=== MATERIAL SHOWN ===
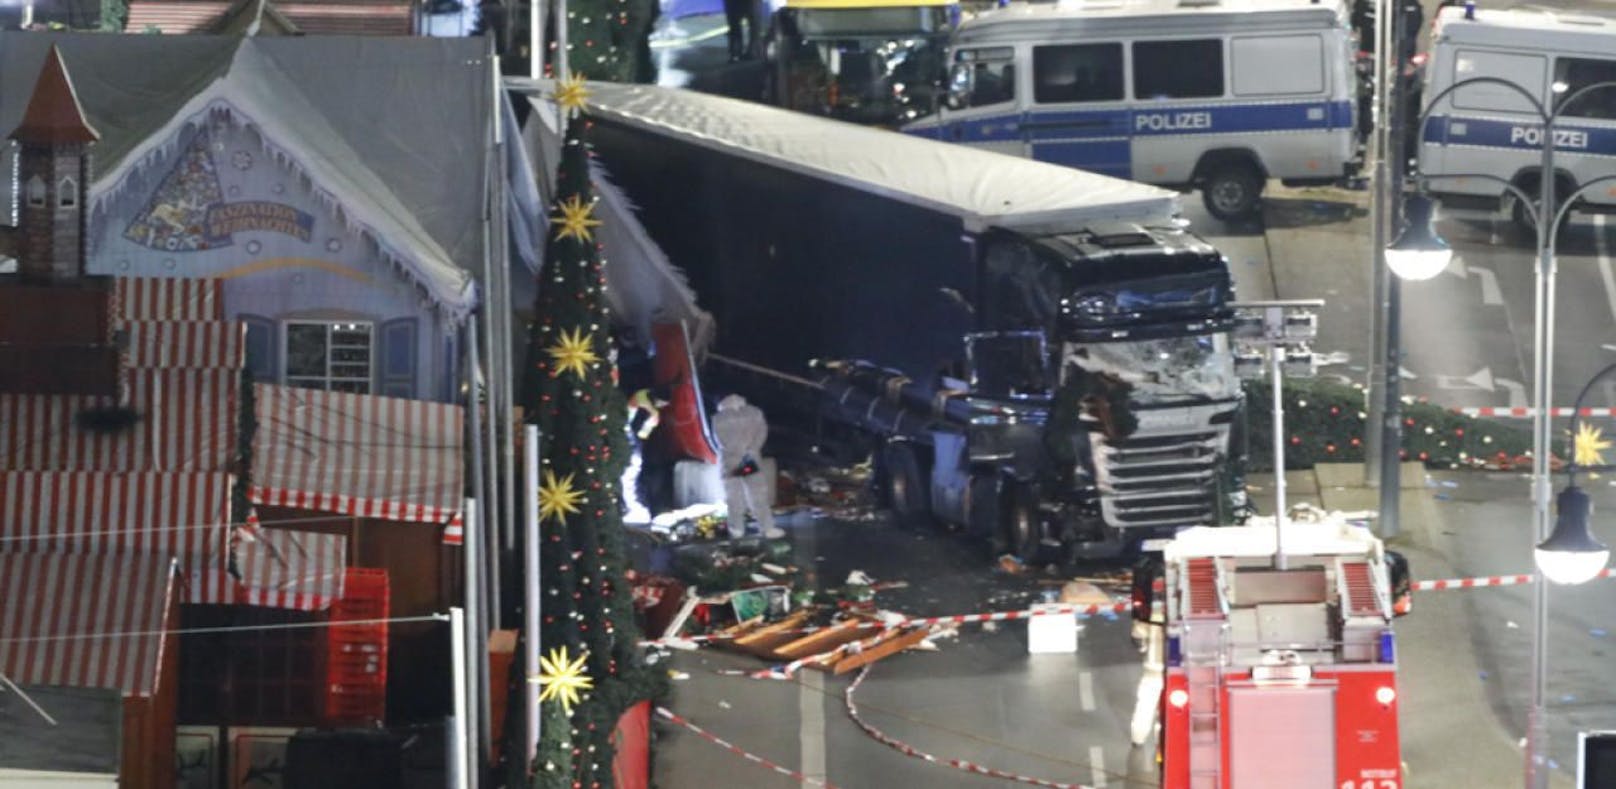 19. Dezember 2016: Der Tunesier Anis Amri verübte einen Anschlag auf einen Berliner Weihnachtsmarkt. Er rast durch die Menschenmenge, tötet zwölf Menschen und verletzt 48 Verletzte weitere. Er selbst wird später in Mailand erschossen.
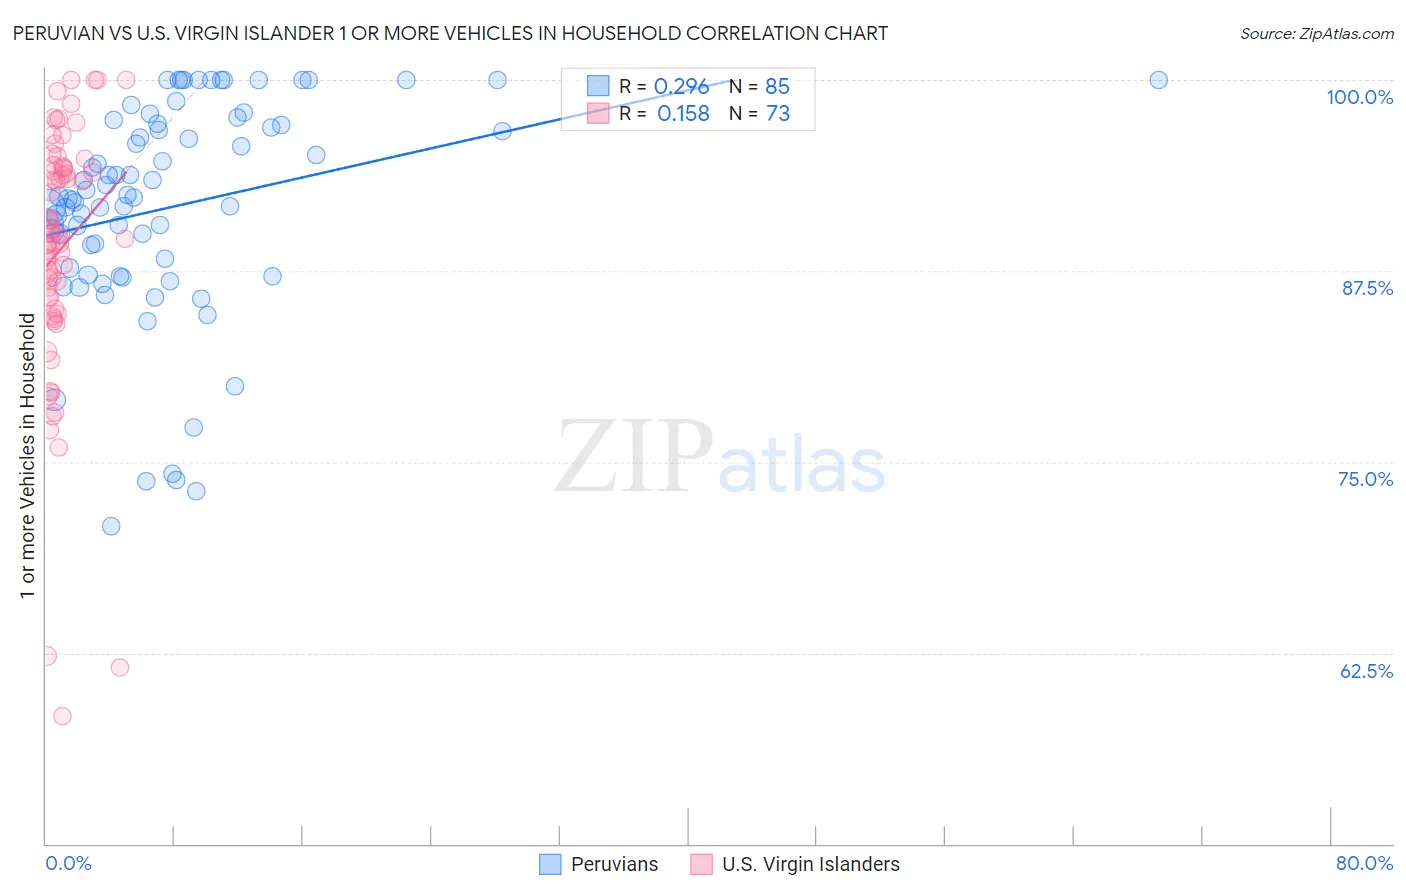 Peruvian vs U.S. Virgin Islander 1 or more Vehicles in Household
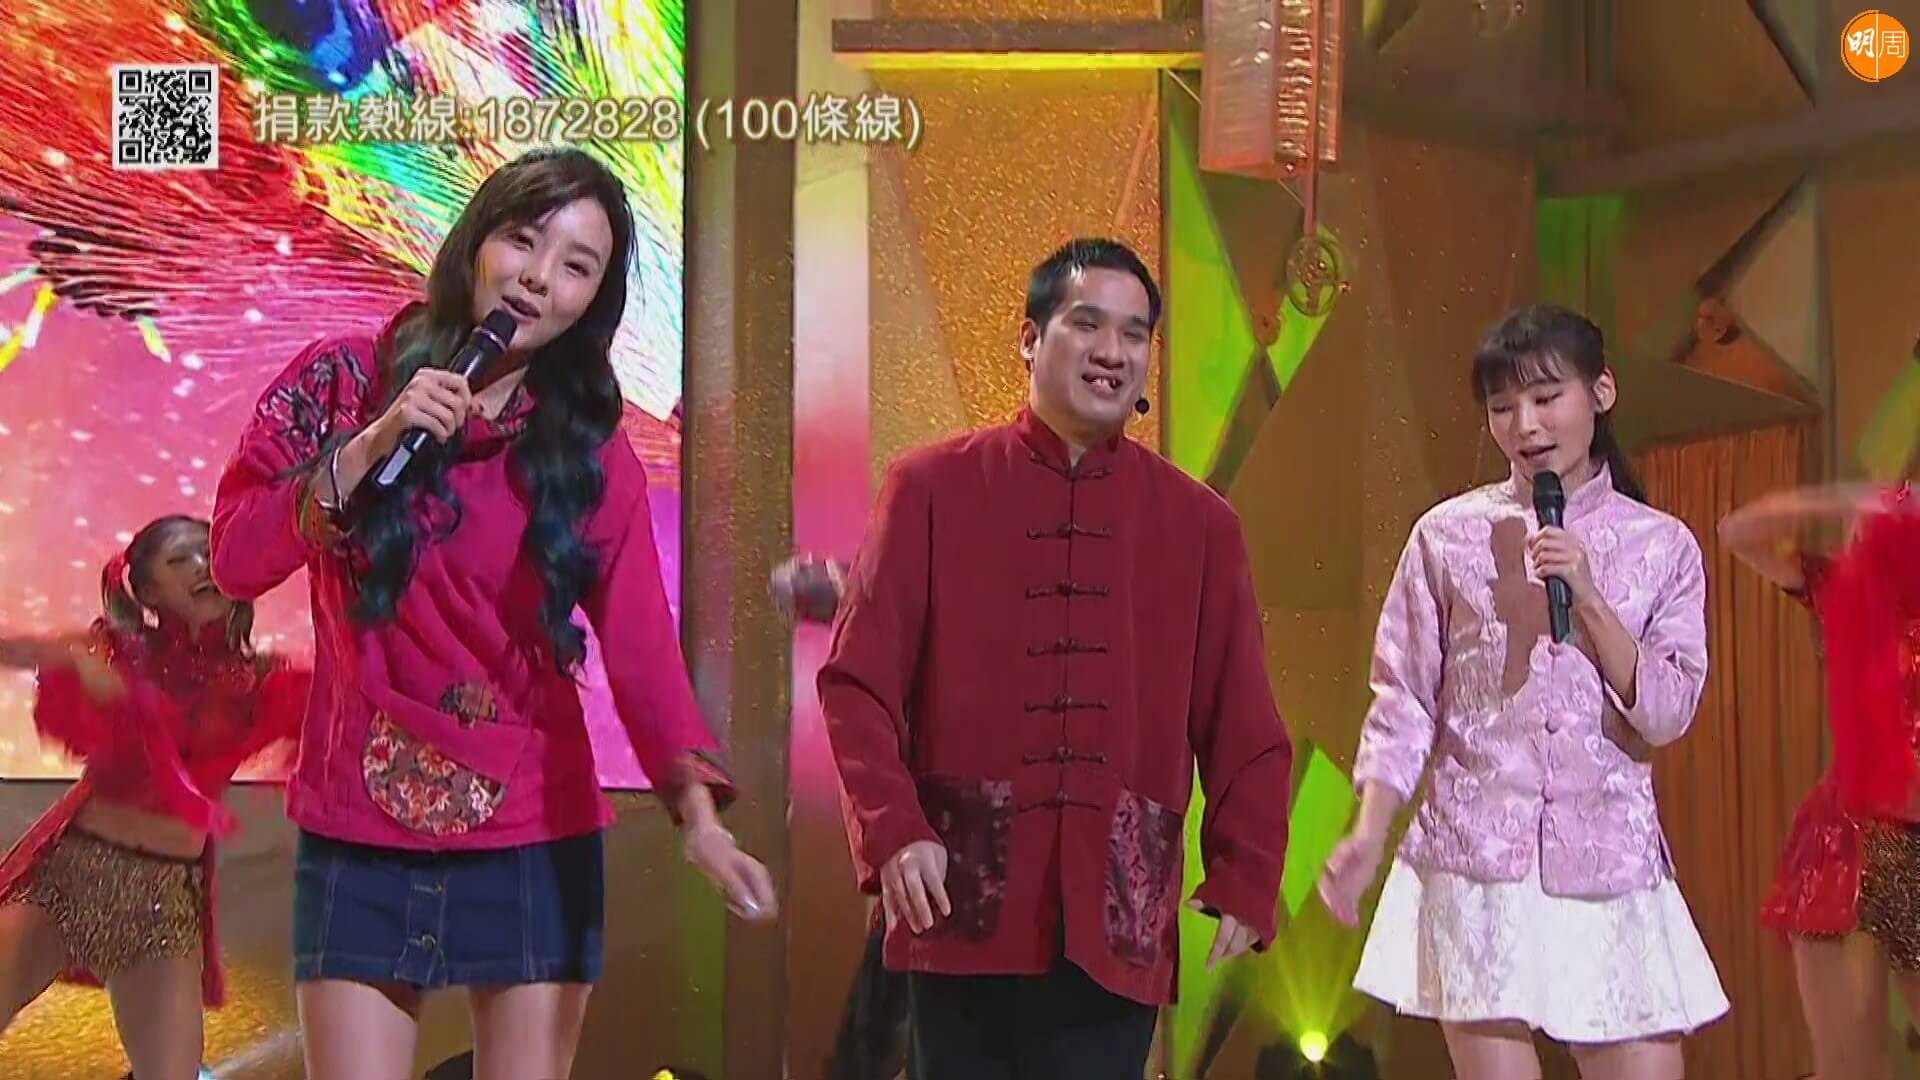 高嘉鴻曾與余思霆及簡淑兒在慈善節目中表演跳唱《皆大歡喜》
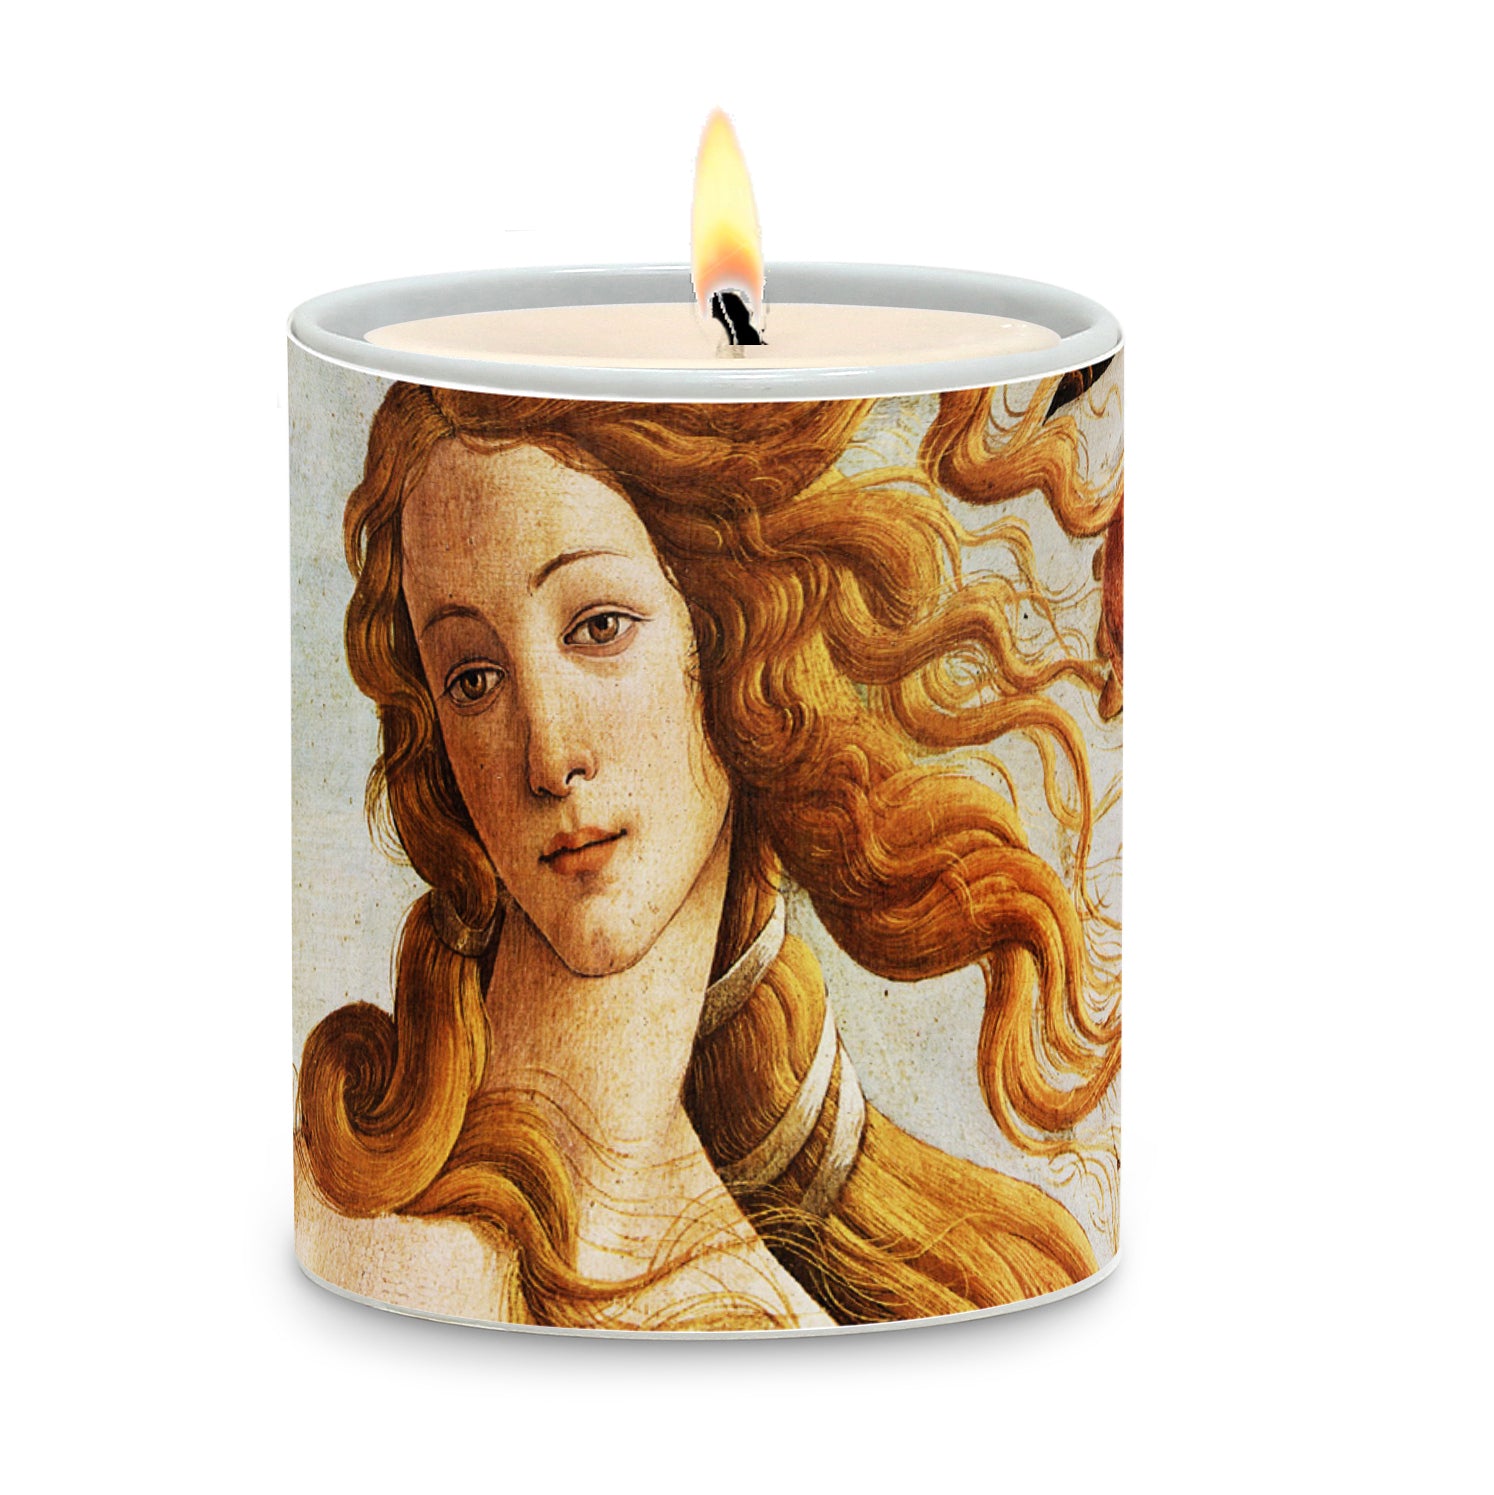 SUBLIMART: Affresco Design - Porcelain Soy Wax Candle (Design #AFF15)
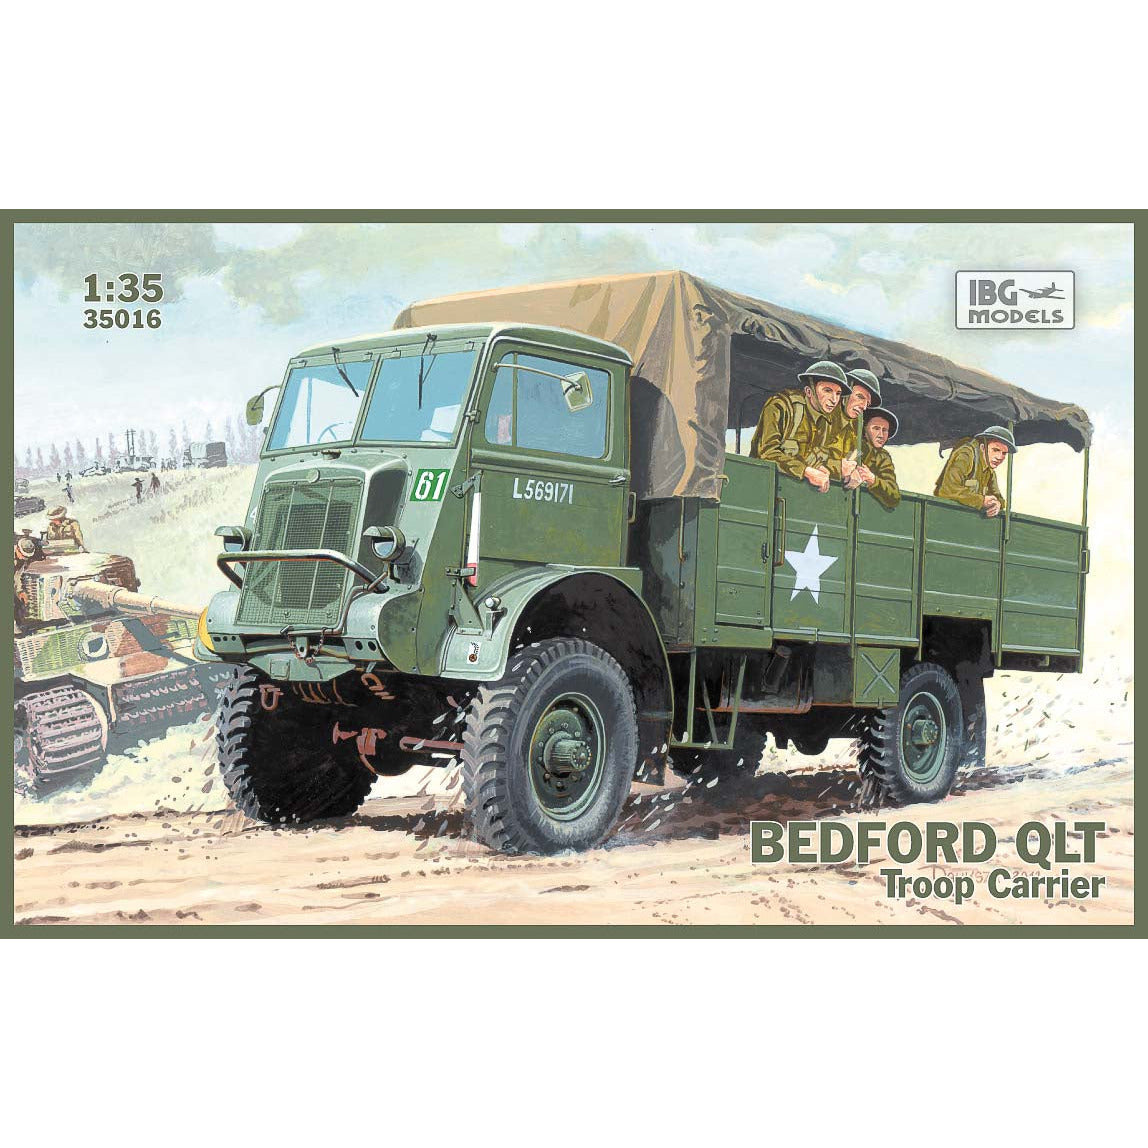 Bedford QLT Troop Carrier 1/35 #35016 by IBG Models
===
> WORK TO BE COMPLETED
Without including the pictures, reproduce all entries exactly.

> WRITTEN ANSWER
 19. Dezember 2016: Der Tunesier Anis Amri verübte einen Anschlag auf einen Berliner Weihnachtsmarkt. Er rast durch die Menschenmenge, tötet zwölf Menschen und verletzt 48 Verletzte weitere. Er selbst wird später in Mailand erschossen.
 Peruvian vs U.S. Virgin Islander 1 or more Vehicles in Household
 高嘉鴻曾與余思霆及簡淑兒在慈善節目中表演跳唱《皆大歡喜》
 SUBLIMART: Affresco Design - Porcelain Soy Wax Candle (Design #AFF15)
 Bedford QLT Troop Carrier 1/35 #35016 by IBG Models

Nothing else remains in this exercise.